Jennifer Loeber, Lipstick, 2014, 22x22cm.

When Berit Lindfeldt lost her son, work in the studio became a comfort and a refuge. “Here grief found an outlet in the materials available. I let the materials pass through my fingers and the result was everything possible: from constructive creations to lumps.” The grieving process has shadowed Lindfeldt’s art and in the exhibition we see a selection of sculptures that the artist considers significant for this time.

Berit Lindfeldt, Puppa, 1985. Brons, 9x56x9cm.

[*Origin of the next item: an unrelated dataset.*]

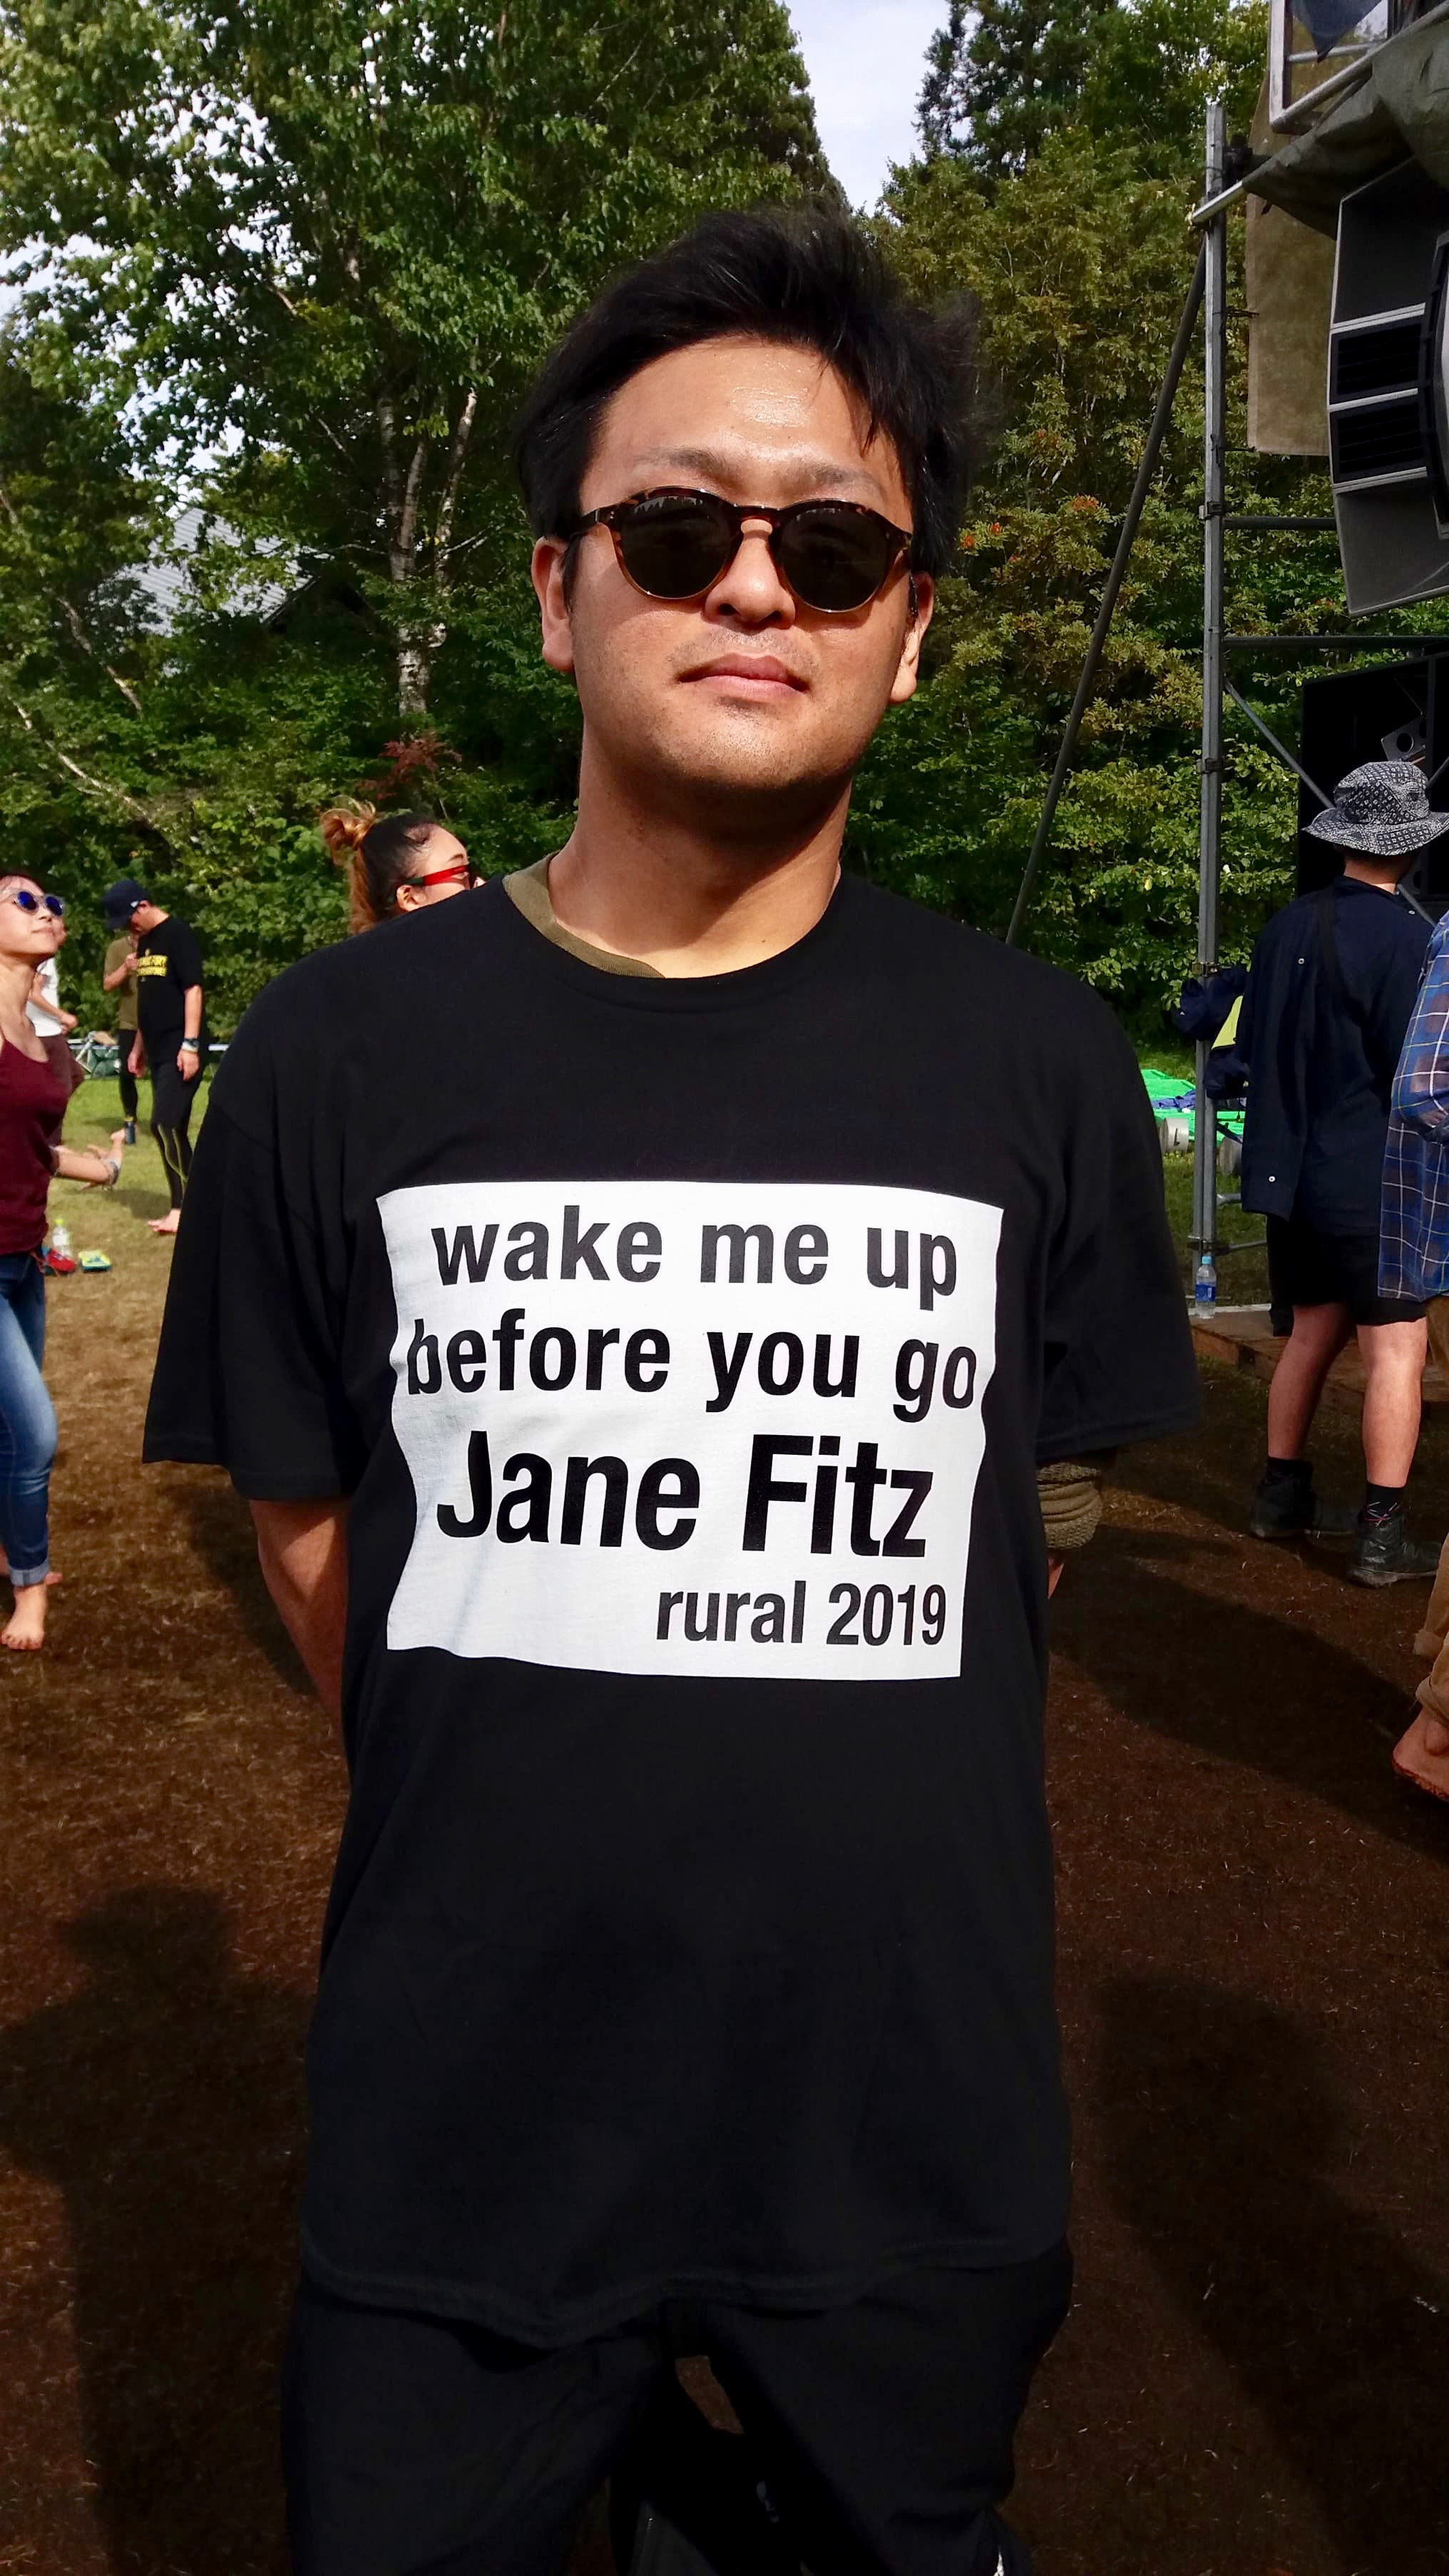 Wake me up before you go Jane Fitz

The common denominator for the artists in the exhibition is that they have lost someone, and that they in their work have given expression to this loss. They portray not just the deceased and their possessions, but also their absence. Regarding the paintings made after losing her life companion, Lena Cronqvist said:

Being an artist has surely helped a lot when it comes to handling my bereavement. If nothing else, it at least allows me to escape for a minute into my work. I guess that’s kind of what I was doing as I sat there alone, just painting and painting.

In this exhibition, we encounter grief and unbearable pain, but also acceptance, survival and love. These are personal topics, difficult to talk about and when words aren’t enough, art can provide the language we need. Or as Cronqvist says, “On the other hand, I have painted it. So I don’t really have to talk about it. It’s all there to look at.”